Die Diskussion um die Einrichtung von Privatschulen mit einem nationalen Schwerpunkt kochte vor allem im Kontext des Besuchs des türkischen Ministerpräsidenten Tayip Erdogan im Februar 2008 in Deutschland hoch. Ismaü Özkan, Steuerberater und SPD-Stadtverordneter in Friedrichsdorf im Taunus, gehört zu den Befürwortern einer türkischen Schule in Frankfurt. Im ersten Schritt soll eine Grundschule eingerichtet werden, „die sich an Türken richtet, aber für alle offen ist" (FR, 27. 2. 2008). Türkische Privatschulen gibt es bisher in sechs deutschen Städten, alle außerhalb Hessens. Gleichzeitig wird der herkunftssprachlichc Unterricht in öffentlichen Schule immer weiter ausgedünnt. Immer mehr Lehrerinnen und Lehrer für ausländische Kinder im hessischen Schuldienst werden durch Konsulatslehrer ersetzt mit der Folge einer schleichenden Auslagerung aus der Zuständigkeit und Aufsicht der hessischen Schulbehörden. Nationalstaatlich orientierte Schulen gibt es in Frankfurt unter anderem für Japaner, Koreaner und Griechen. Sie richten sich vor allen an „Wirtschaftsnomaden, die sich für zwei oder drei Jahre in Deutschland aufhalten" (ebenda). Mit dem Markenzeichen der Internationalität werben am Bankenstandort Frankfurt auch die Internationale Montessorischule, die Europäische Schule und die Internationale Schule im Stadtteil Sindlingcn. Nicht zu übersehen ist der sprachliche Hegemonismus: Englisch, Französisch, Spanisch und Japanisch sprechen zu können, gilt als Karrieresprungbrett und Ausdruck von Bildung und Weitläufigkeit, Bilingualität mit perfekten Türkisch- oder Arabisch-Kenntnissen als Zeichen von Zerrissenheit und Rückständigkeit.

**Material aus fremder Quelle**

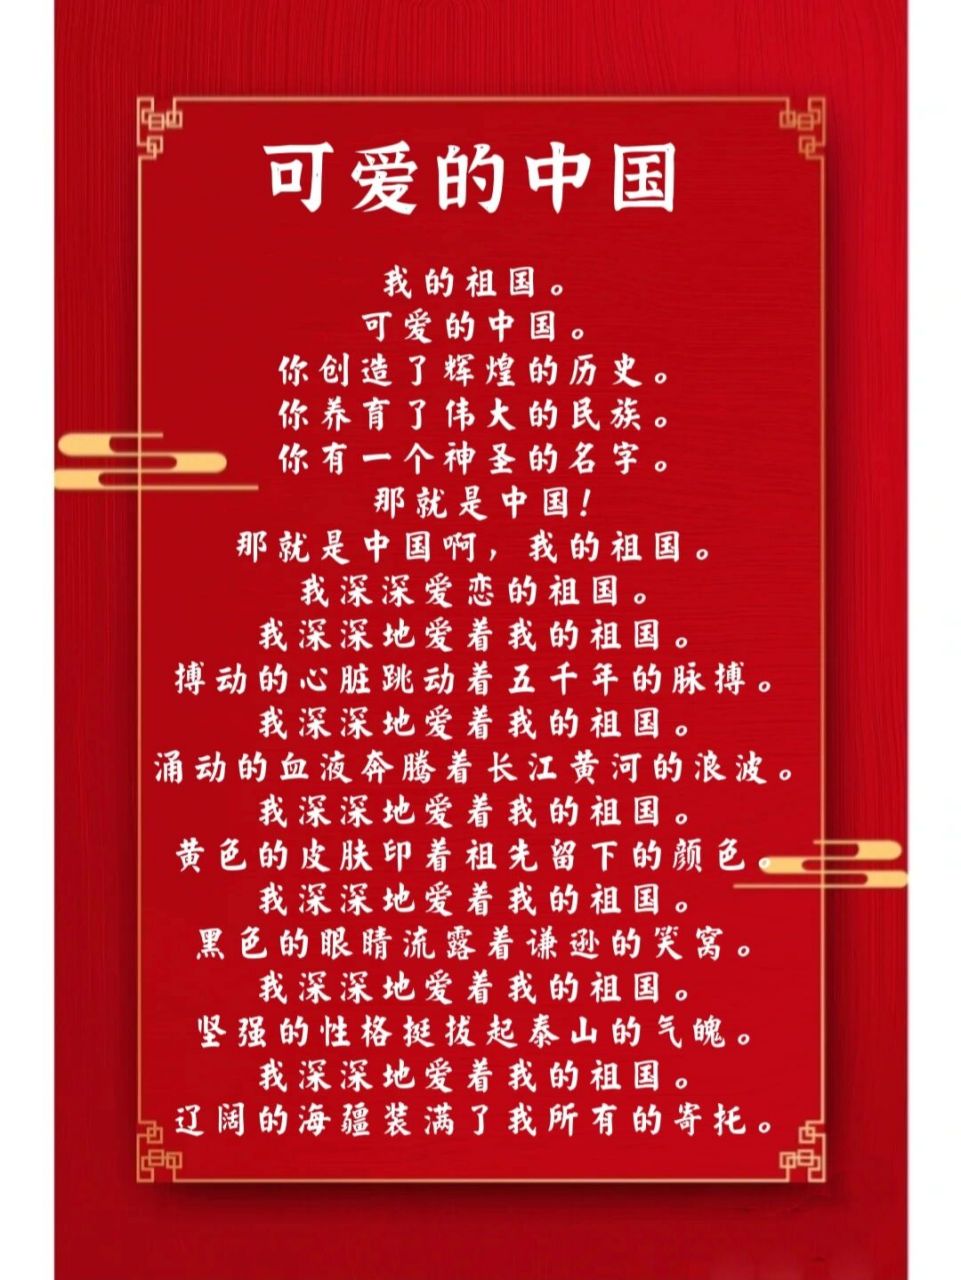 国庆节主题朗诵《可爱的中国》 适合小学生的朗诵稿,国庆节主题朗诵稿

Viola Georgi, Migrationsexpertin an der FU Berlin, nennt das „einen Elite-Bilingualismus".

Öffentliche Schulen stärken

Der Prozess der sozialen Segregation beginnt inzwischen auch in den Grundschulen, wo - bei aller Trennung der Kinder durch Wohnviertel und Gestattungen zum Besuch einer Grundschule außerhalb der Schulbezirksgrenzen -immer noch ein höheres Maß an gesellschaftlicher Integration und Durchmischung unterschiedlicher sozialer und ethnischer Milieus stattfindet. In Frankfurt eröffneten 2007 und 2008 vier neue private Grundschulen ihre Pforten. In Heidelberg gibt es neben 17 öffentlichen Grundschulen inzwischen fünf in privater Trägerschaft, drei weitere stehen kurz vor der Genehmigung. Hildegard Klenk von der GEW Baden-Württemberg setzt die Forderungen der Bildungsgewerkschaft dagegen: „Es muss im Interesse des Staates liegen, Öffentliche Schulen so zu fördern, dass es uninteressant wird, sein Kind auf eine private Schule zu schicken" (bäw Juni 2008).